The Hague Royals are a Dutch basketball club based in The Hague. Established in 2020, the team played in the highest level of basketball in the Netherlands for two seasons. Home games are played in the Sportcampus Zuiderpark, which has a capacity of 3,500 people.

The Royals are currently on a hiatus after their request for a BNXT League license was denied in 2022.

History

Before the establishment of the Royals, the last time a professional basketball team played at the highest level was C3 Cobra's the 2000–01 season.

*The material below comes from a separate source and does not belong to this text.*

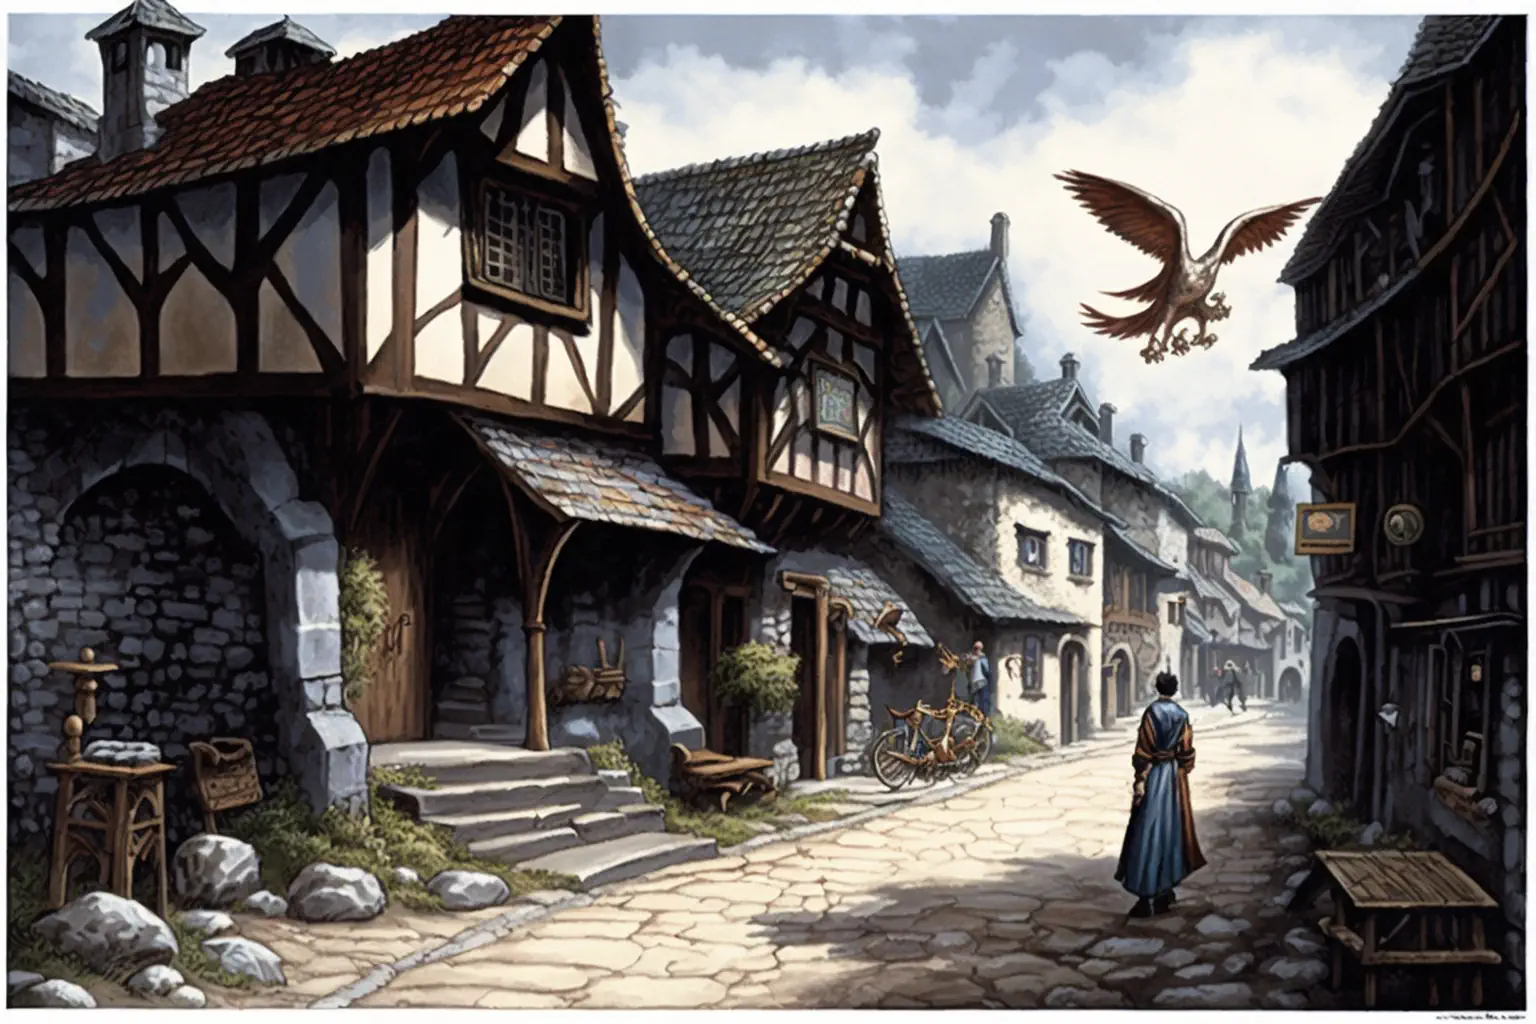 2Drak0nchik_medieval_village_with_several_dragons_walking_in_th_c727fc38-12a1-49ed-82a6-009b07d525a7

In May 2020, The Hague Royals announced its plans to play in the Dutch Basketball League (DBL) starting from the 2020–21 season. The name Royals comes from the reputation of The Hague as the Hofstad, where the Dutch royal family is seated.

On 20 June 2020, Bert Samson was announced as the first head coach of the Royals. On 10 August, the Royals signed Sam van Dijk as its first player ever. On 27 August, the DBL granted the club a license for the 2020–21 season. On 3 October, the Royals played their first ever DBL game, losing away against Aris Leeuwarden, 63–81.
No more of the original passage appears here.